Goldsby Easement Helps Preserve Mississippi River

The bottomland hardwood forests of Mississippi are an important and valuable natural treasure for the nation. Over the last 20 years, much attention has been directed toward this region and the significant role it plays as a functionally vital part of our natural ecosystem. The acreage of hardwood forests in Mississippi declined steadily throughout the 1900s. The most dramatic and possibly the most environmentally significant losses have occurred since the 1950s.

Because of the local, regional and national importance of the state's hardwoods, non-profit wildlife and conservation organizations, as well as state and federal resource agencies, have focused much of their attention on restoration of these ecosystems. Initial conservation efforts included federal and state funding to purchase hardwood areas to be set aside as state wildlife management areas, federal refuges, and national forest lands. Though these acquisition efforts are important, they have a limited role in efforts to insure broad-based protection for these valuable ecosystems.

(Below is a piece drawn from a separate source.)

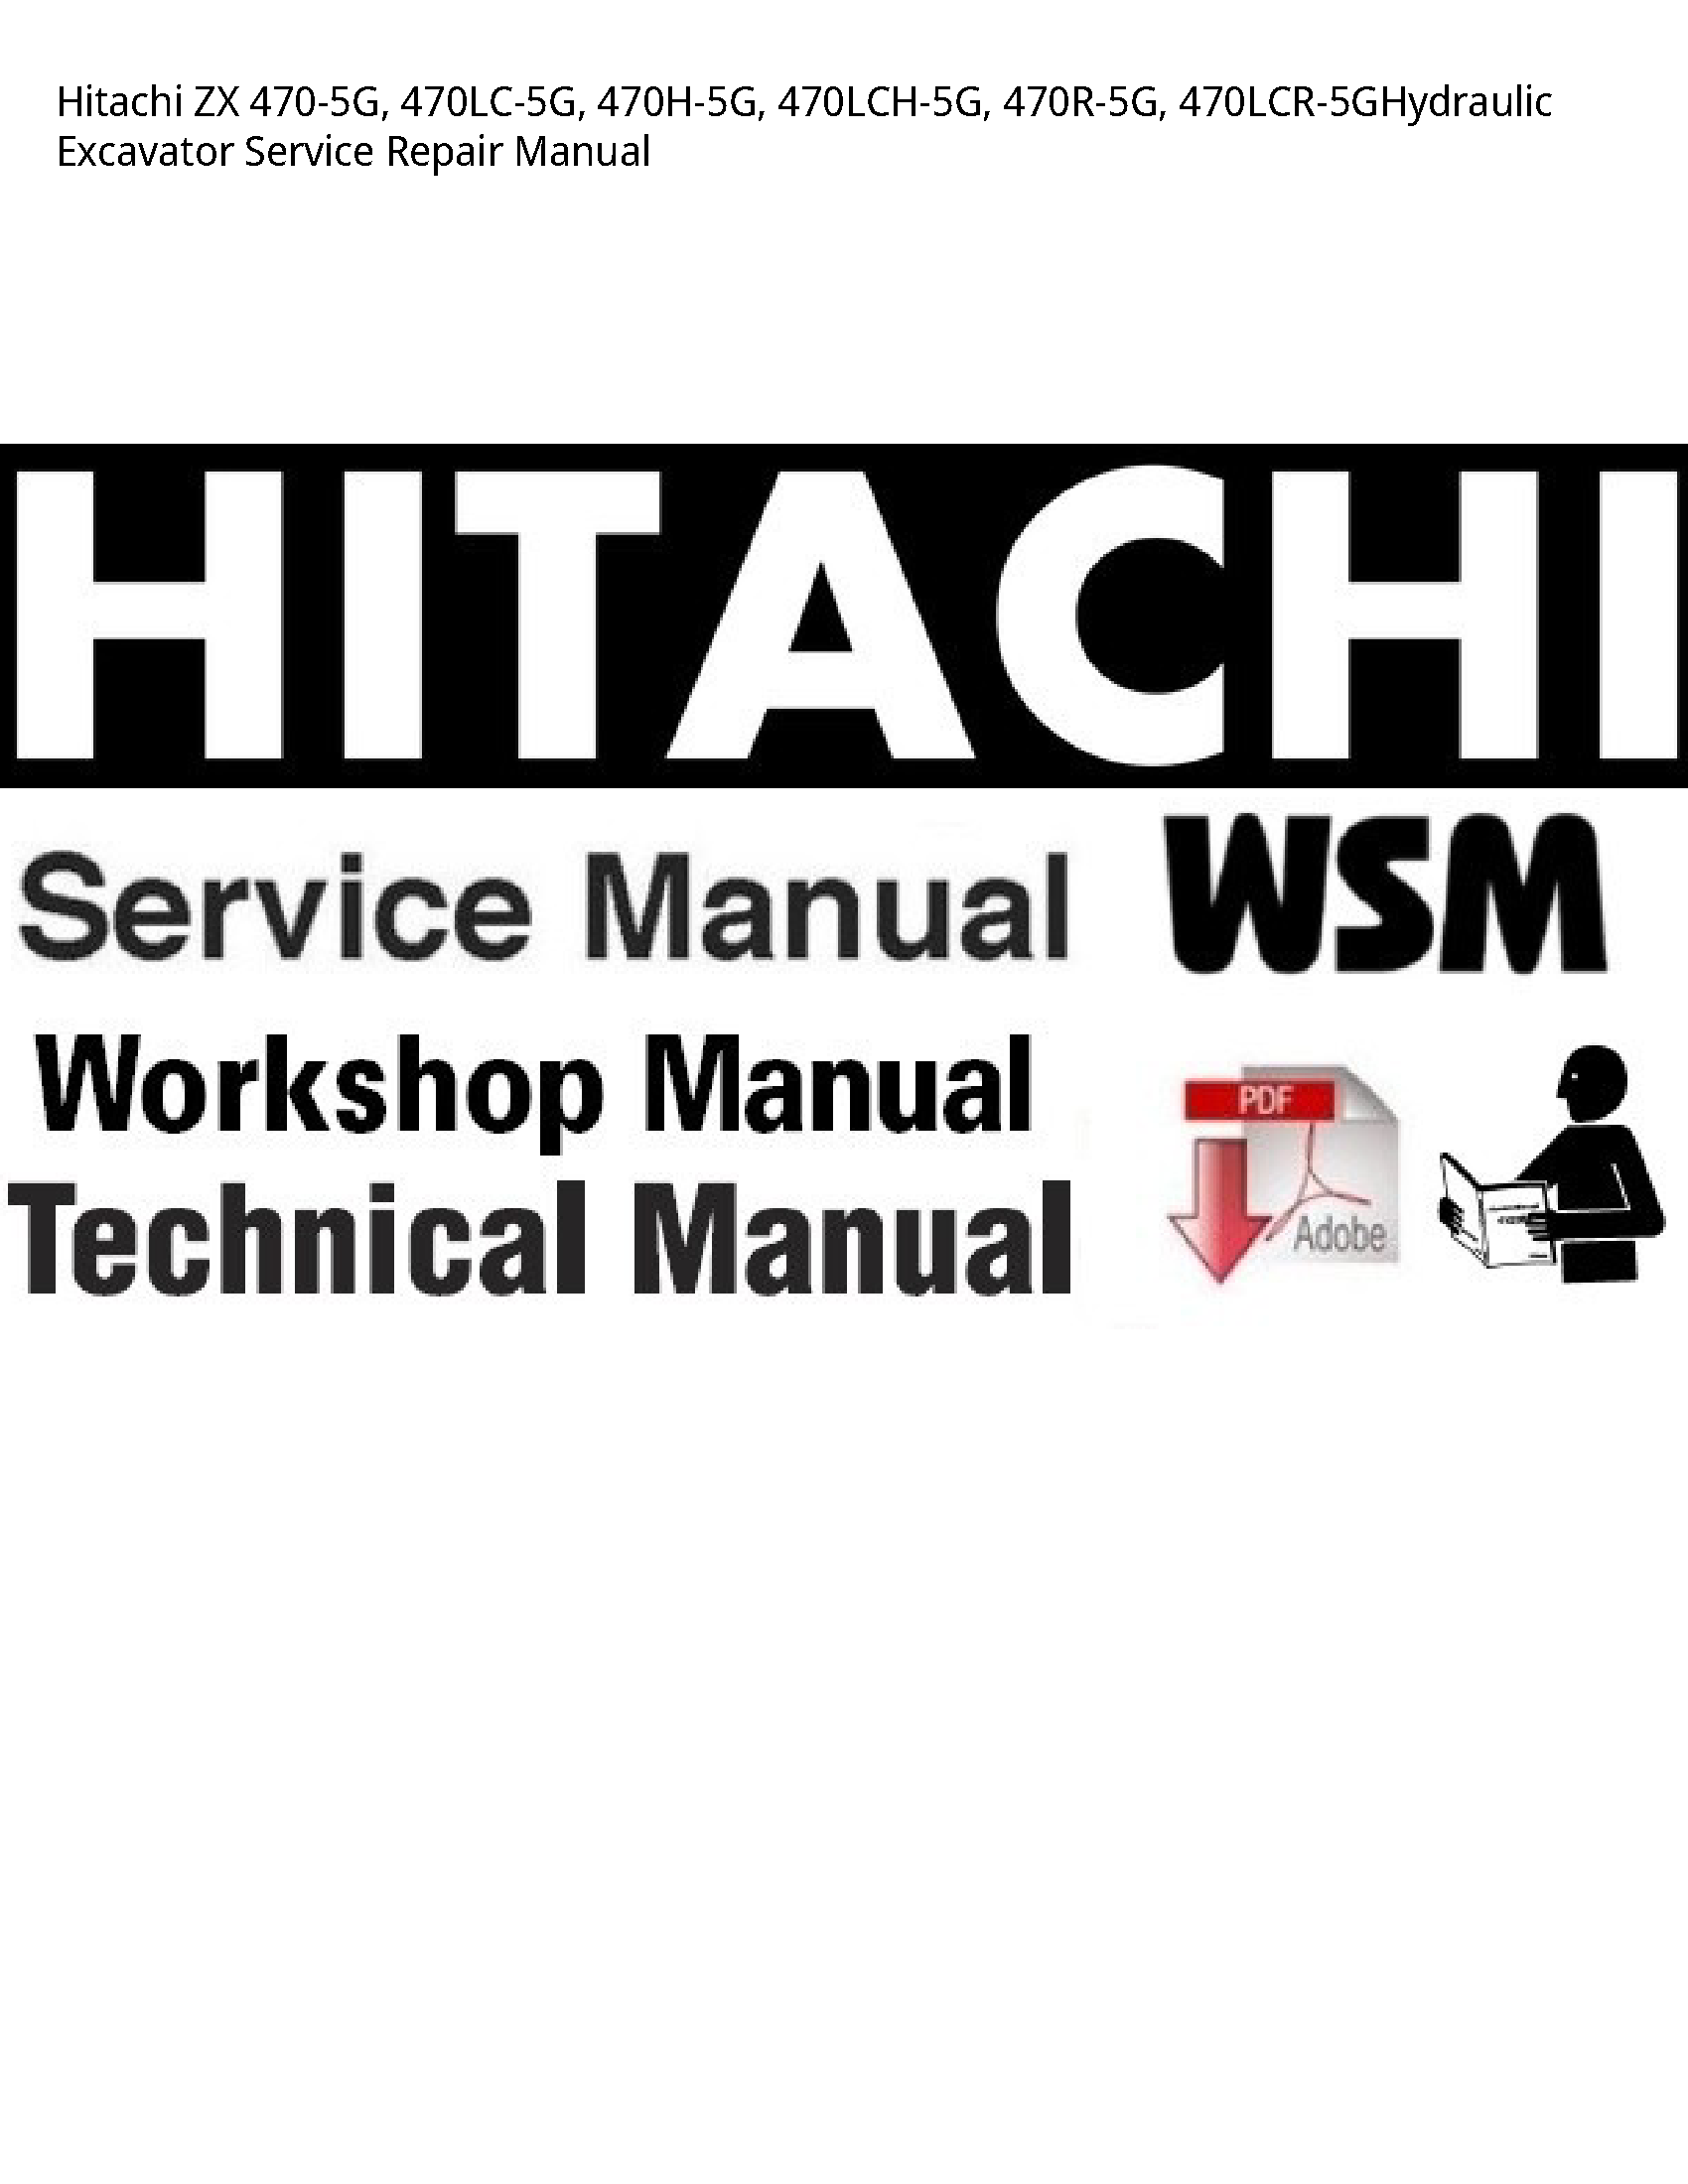 Hitachi 470-5G ZX Excavator manual

The Duck Lake Project exemplifies what can happen when business, government and conservation interests work together to protect the environment. The conservation easement is the project's cornerstone; it establishes the legal framework that outlines the future of Duck Lake. Tommy Goldsby puts it plainly, "The conservation easement provides for the needs of wildlife and industry in a way that the entire system, and the community, are better off than they were previously."

Approximately 95% of this tract of land is in bottomland hardwoods. Six miles of the western border of the 1,200 acre property borders the Mississippi River. In 2000 Thomas Goldsby, the landowner, learned about the conservation easement program of the Mississippi Land Trust. He agreed to donate a conservation easement to the Trust on his 1,200 acres.

The easement restricts all commercial and industrial activity on the property, including the development of casinos, which are located less than one mile away. The easement allows the landowners to build in two designated sites on the property. In these areas Goldsby can add to his camp house, construct outbuildings, storage sheds, a wood shop, fences, parking and even a sauna. He can use the property for hunting, fishing and education.

The conservation easement allows Goldsby to have up to five percent of the property as forest openings. He can harvest trees selectively to improve the property's timber stand for both tree quality and wildlife.